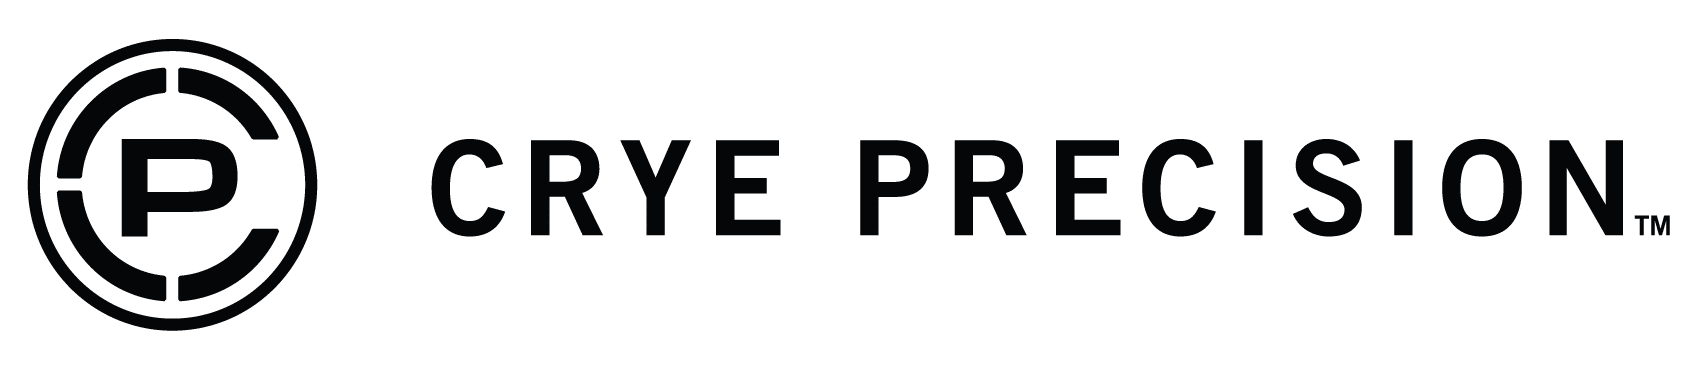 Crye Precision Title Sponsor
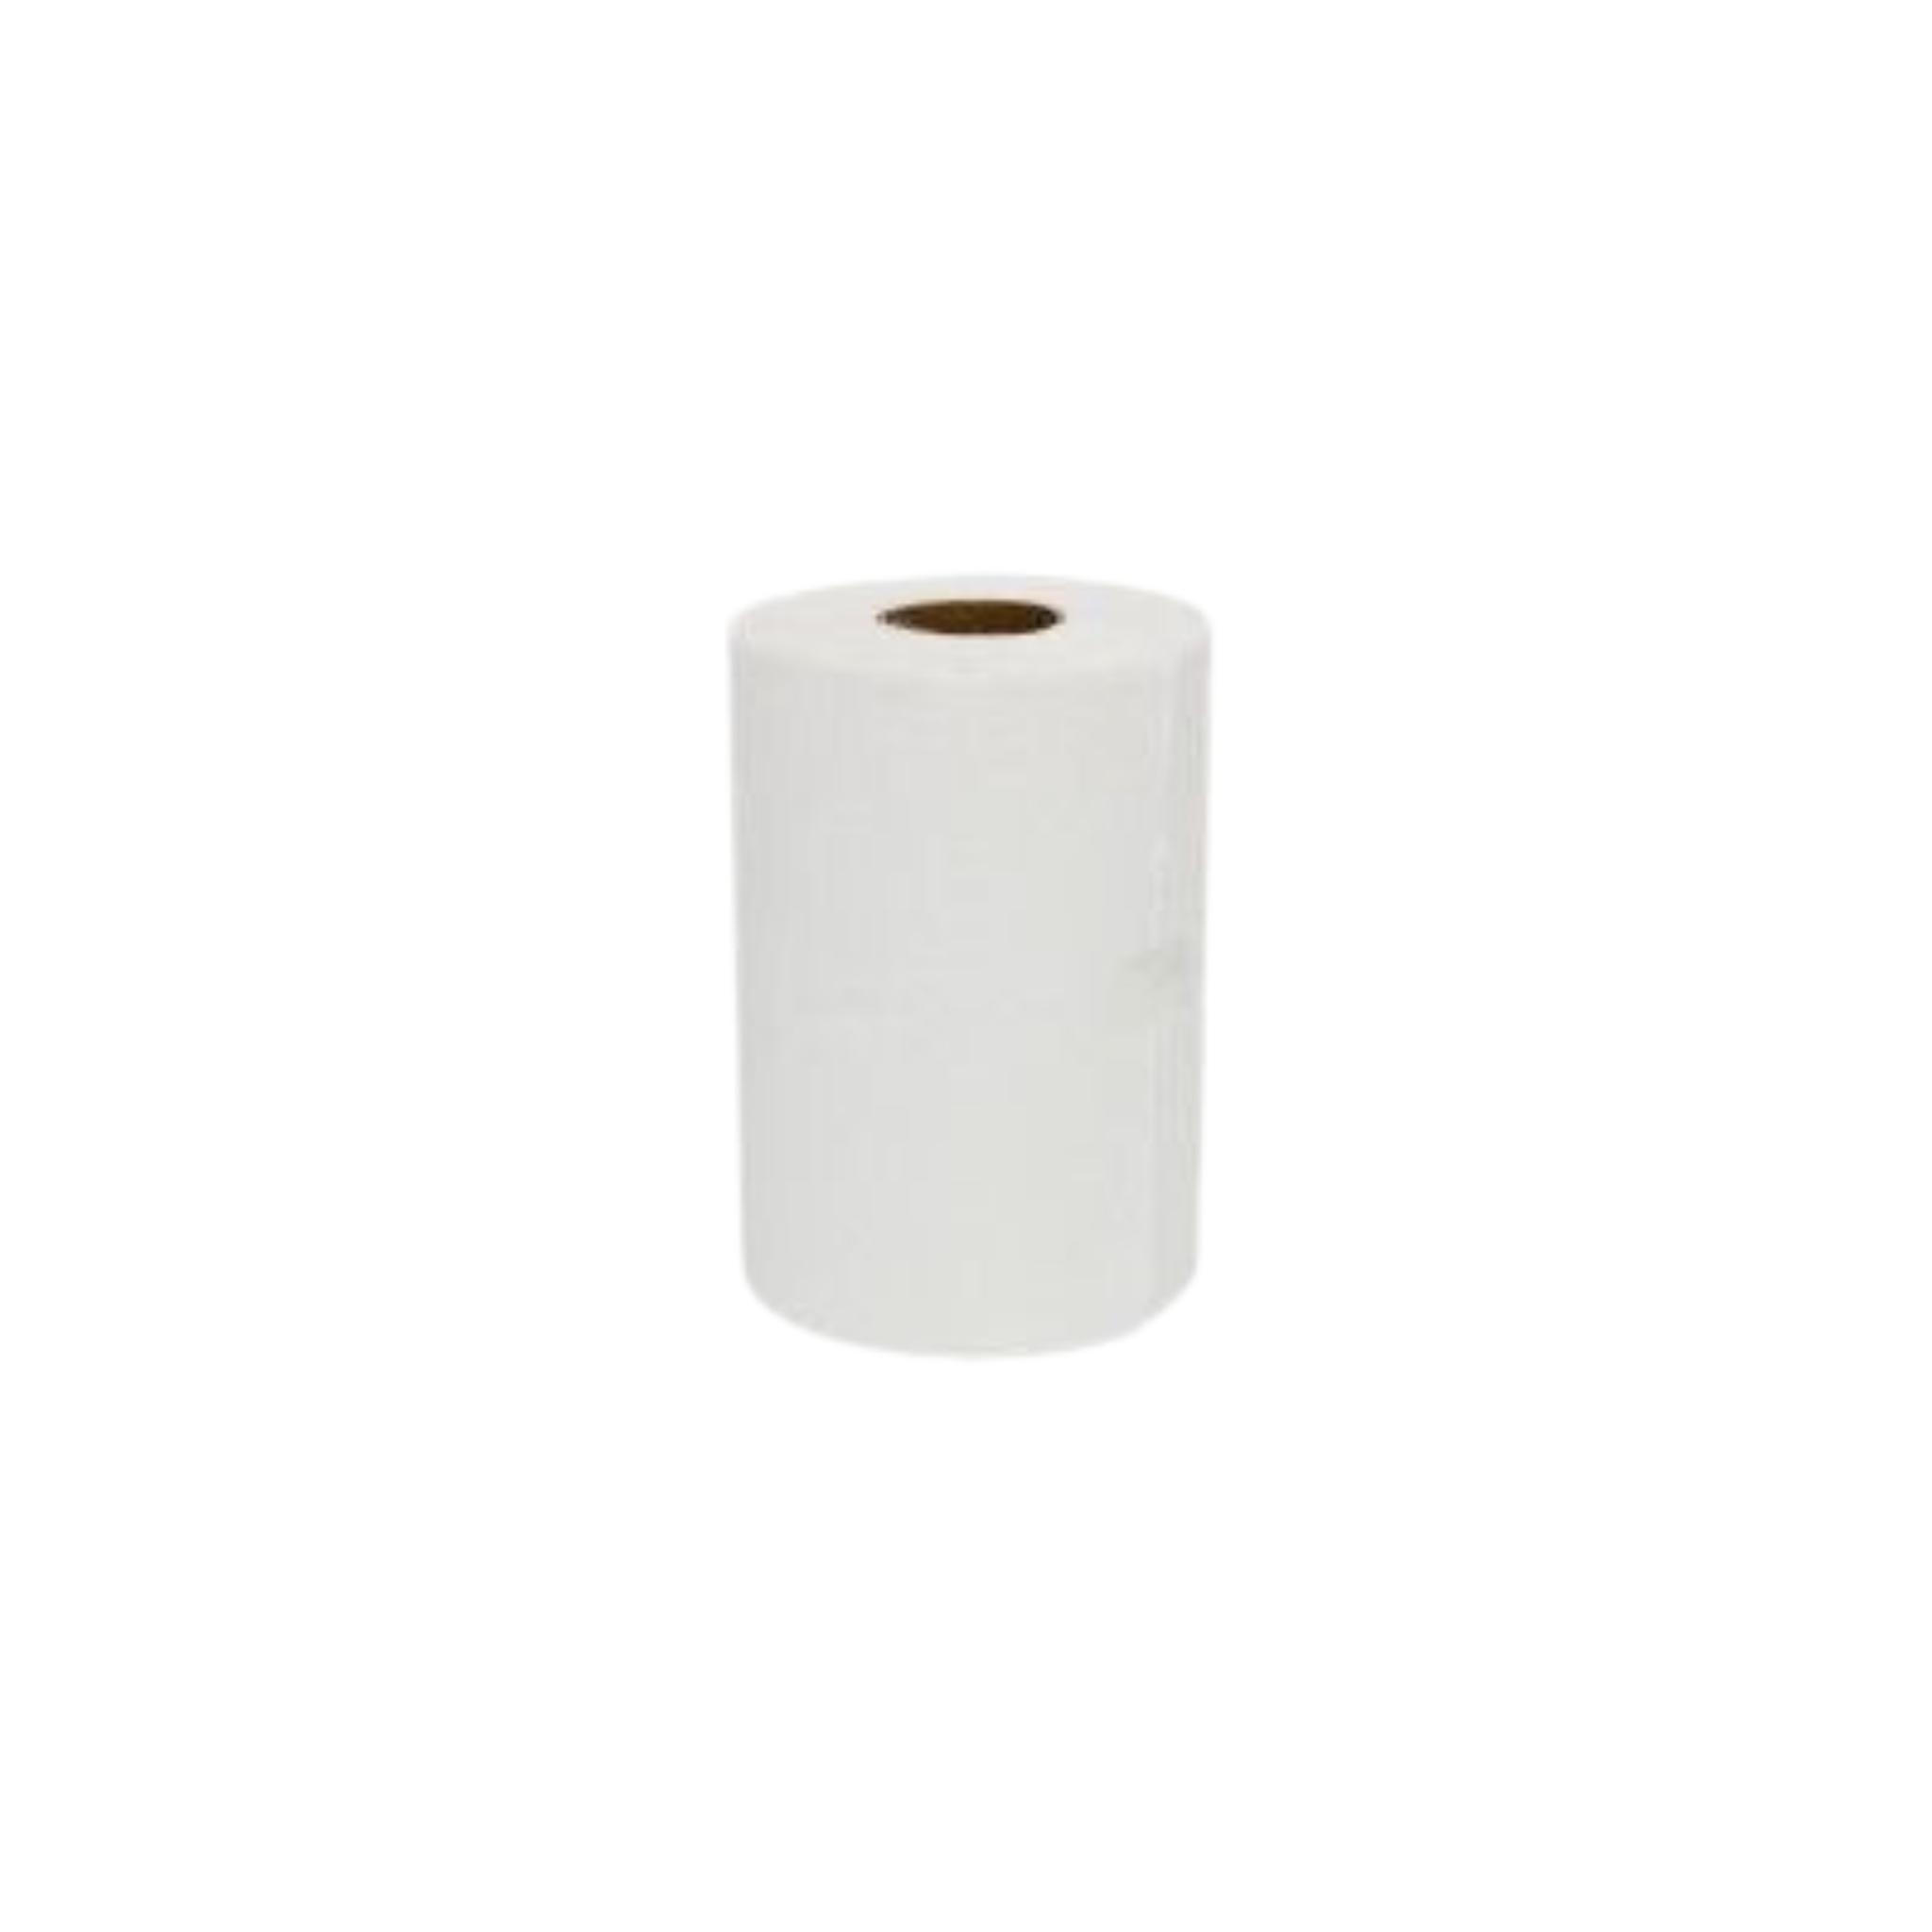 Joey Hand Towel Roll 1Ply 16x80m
* * *
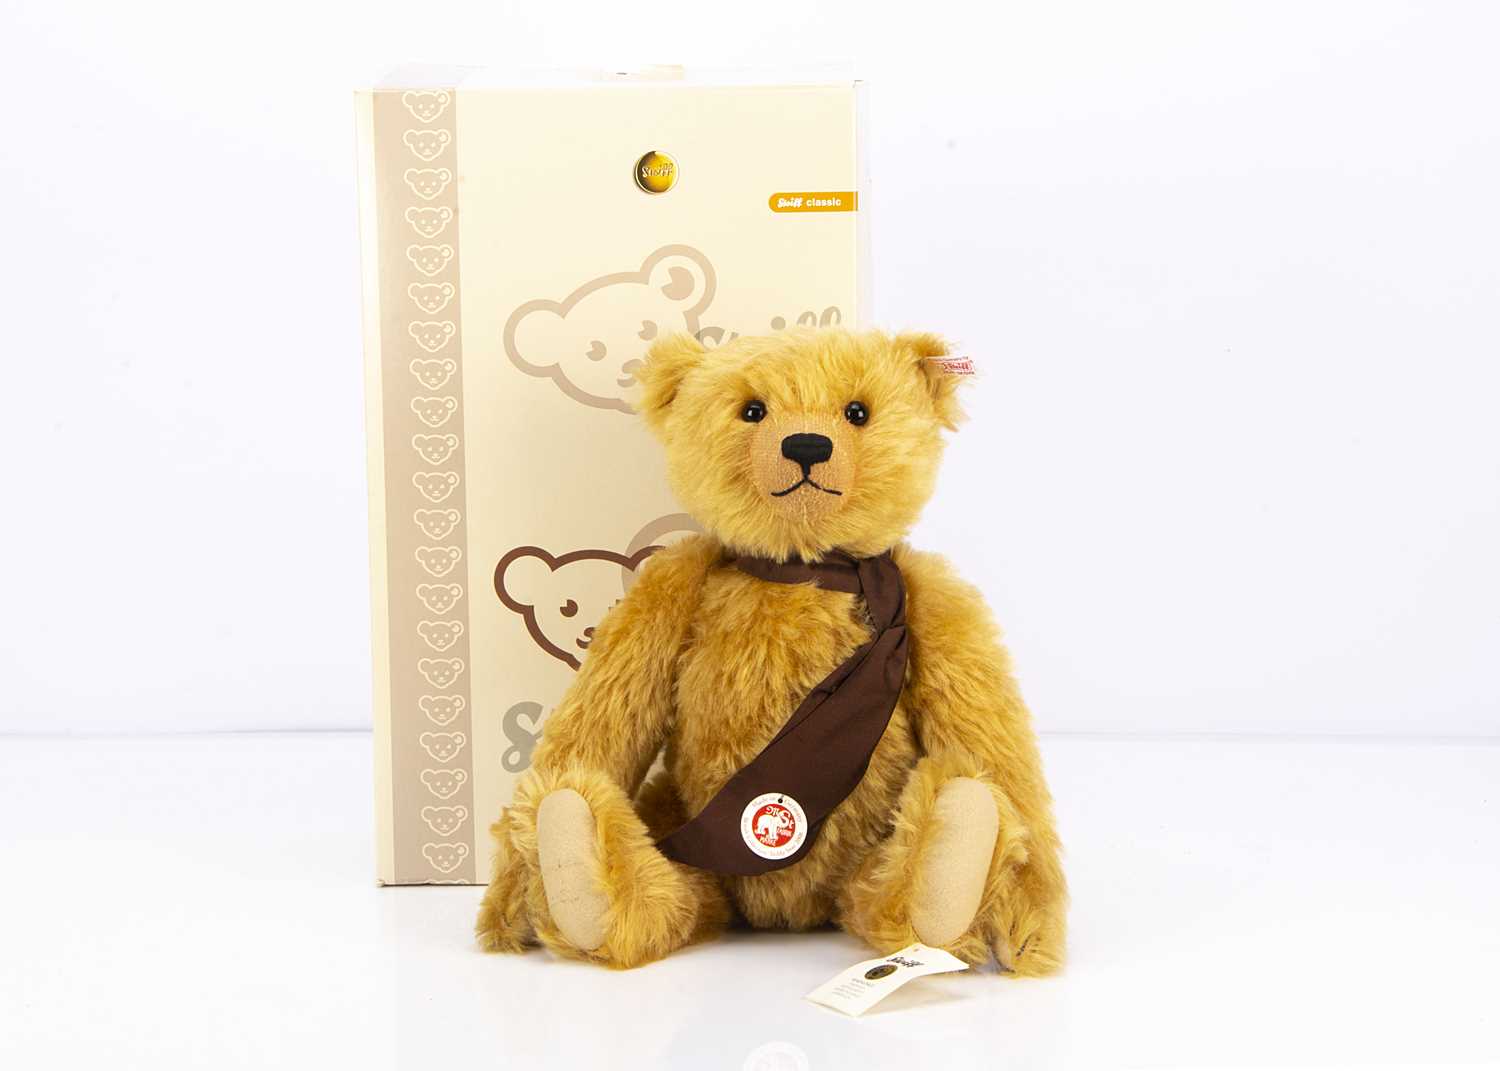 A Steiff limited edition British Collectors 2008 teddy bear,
...
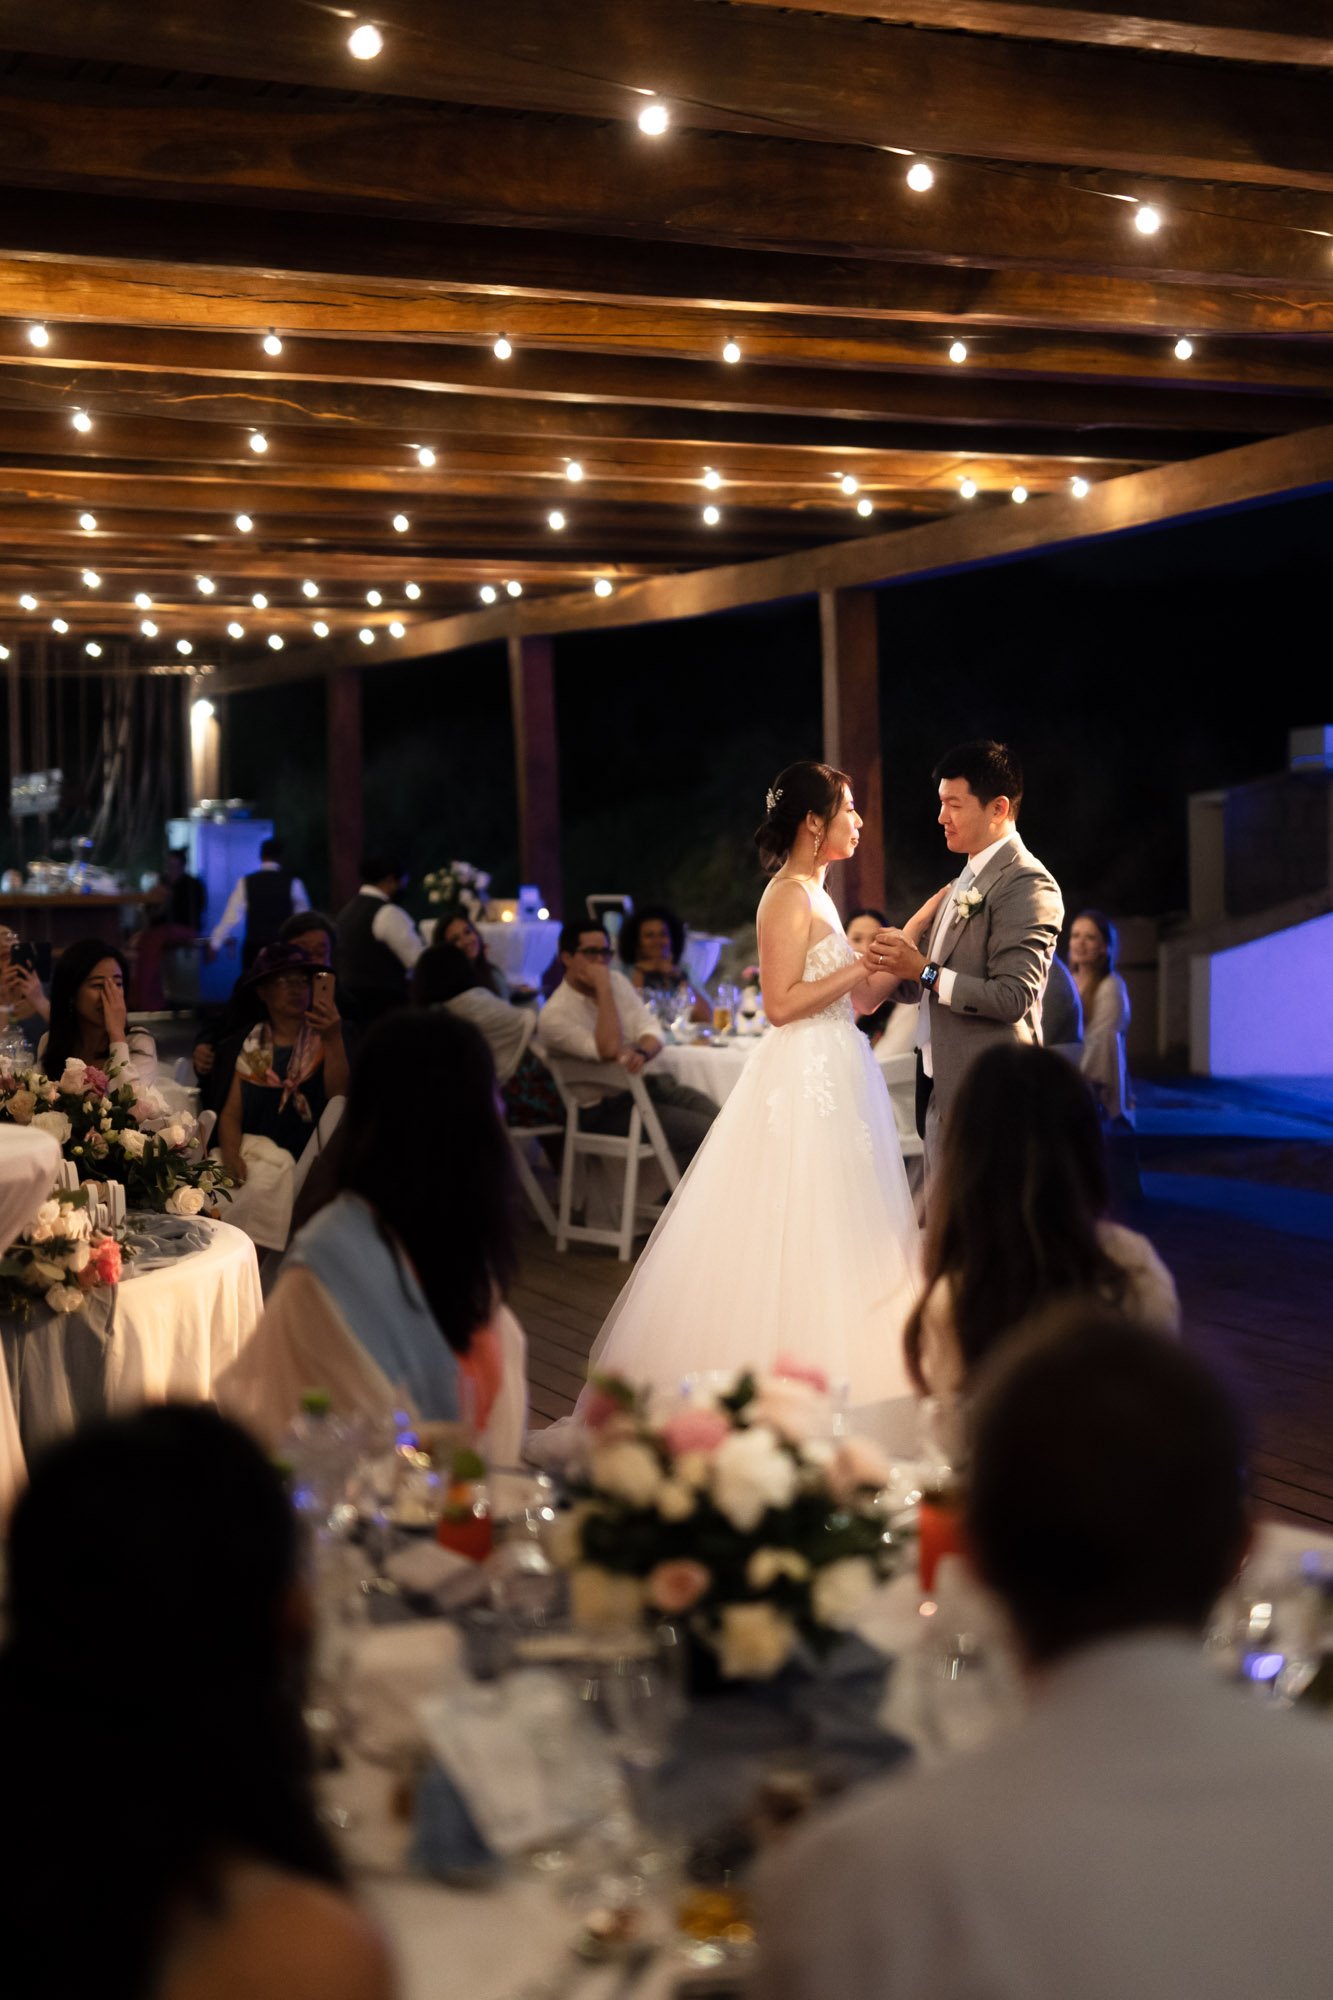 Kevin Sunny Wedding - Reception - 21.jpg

— WHAT TO PRODUCE —
Every line above in the stretch from the one with "Crye Precision Title Sponsor" through the one with "Joey Hand Towel Roll 1Ply 16x80m" is to be transcribed exactly, ends included. No picture is copied.

— SOLUTION TO THIS PROBLEM —
 Crye Precision Title Sponsor
 Joey Hand Towel Roll 1Ply 16x80m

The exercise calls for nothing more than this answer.